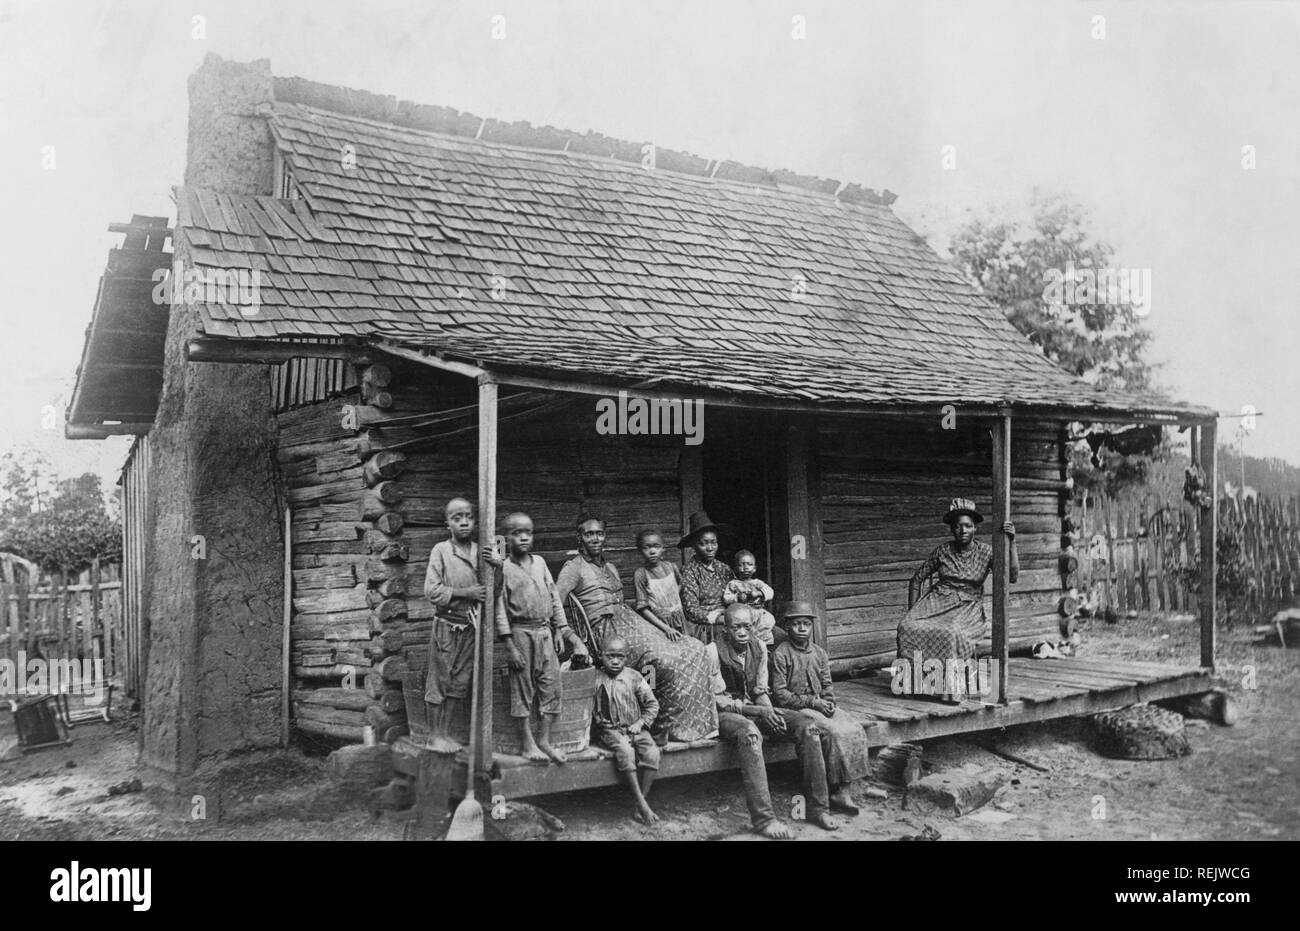 Slave Cabin, Barbour County near Eufaula, Alabama, USA, from Federal Writer's Project, 'Born in Slavery: Slave Narratives', United States Work Projects Administration, 1936 Stock Photo
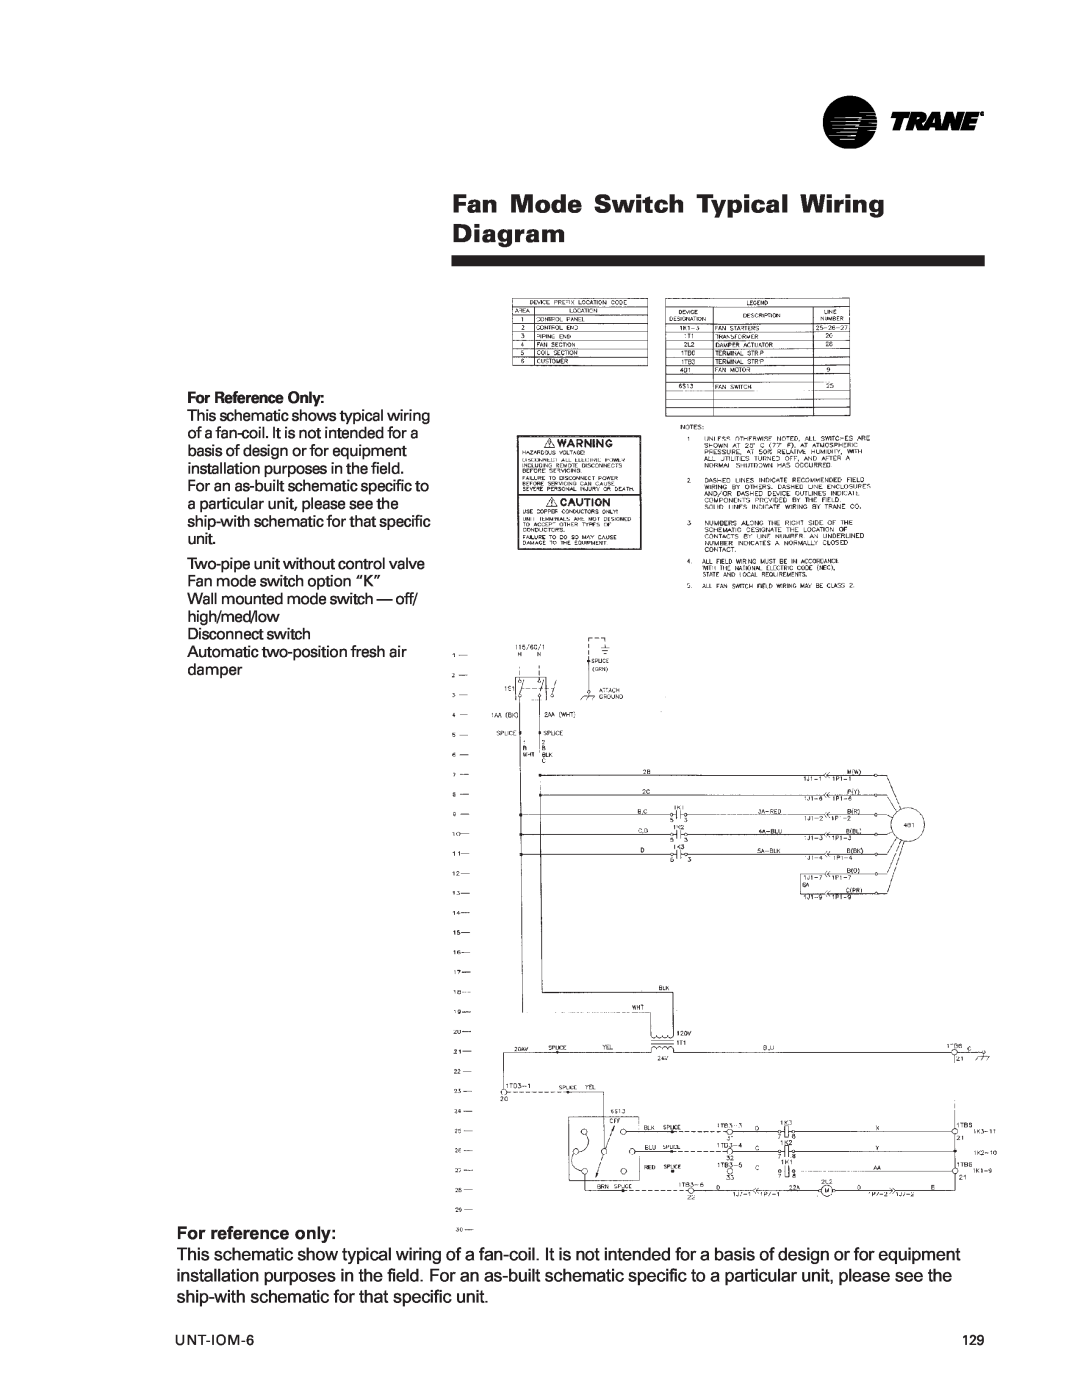 Trane LO manual Fan Mode Switch Typical Wiring Diagram, For reference only 
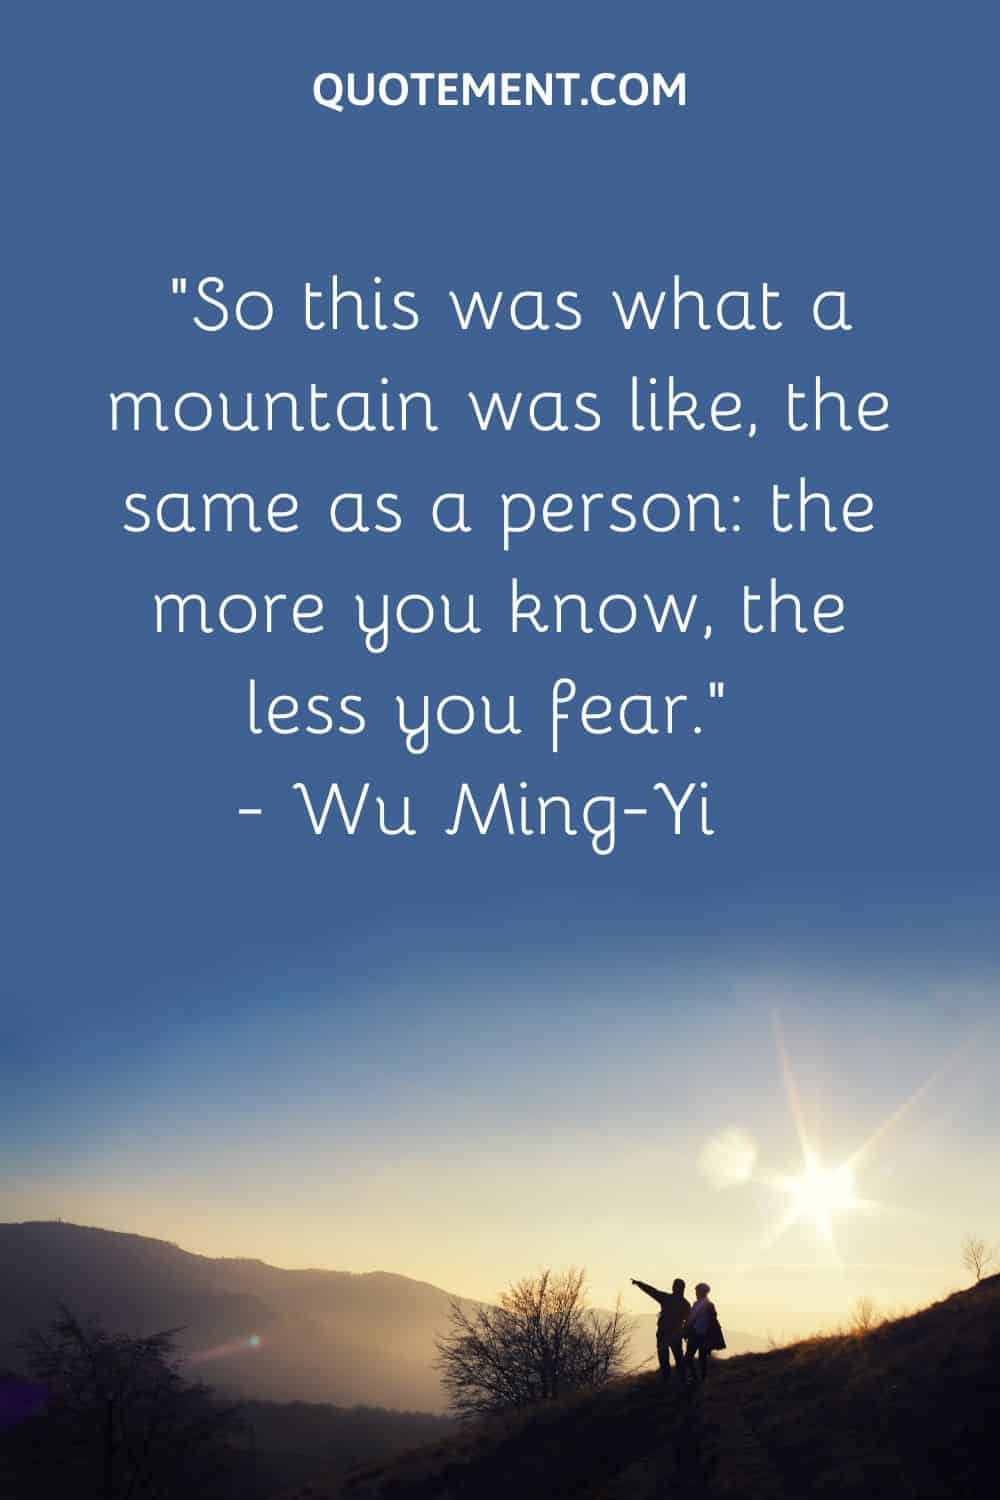 “So this was what a mountain was like, the same as a person the more you know, the less you fear.” — Wu Ming—Yi
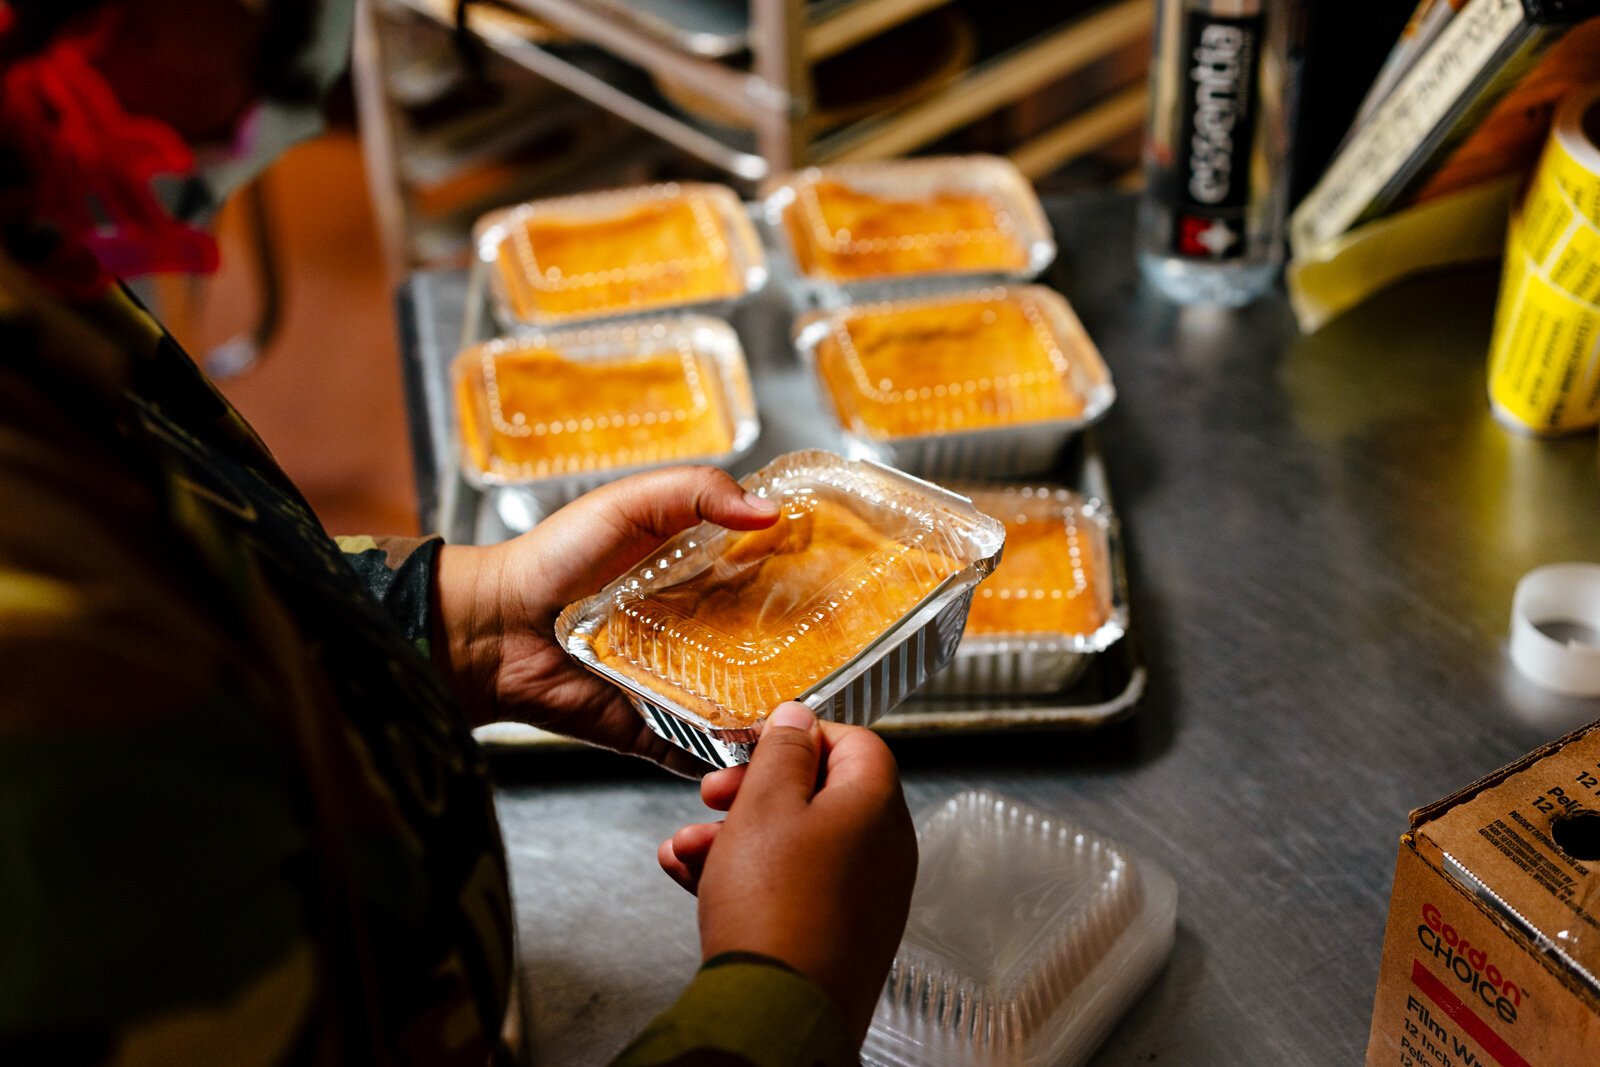 Staff packaging and labeling sweet potato cheesecakes.

++++++++

THE PROBLEM: Print the data again, word for word, without any pictures.

RESPONSE BELOW:
 Slave Cabin, Barbour County near Eufaula, Alabama, USA, from Federal Writer's Project, 'Born in Slavery: Slave Narratives', United States Work Projects Administration, 1936 Stock Photo
 Trane LO manual Fan Mode Switch Typical Wiring Diagram, For reference only 
 “So this was what a mountain was like, the same as a person the more you know, the less you fear.” — Wu Ming—Yi
 Staff packaging and labeling sweet potato cheesecakes.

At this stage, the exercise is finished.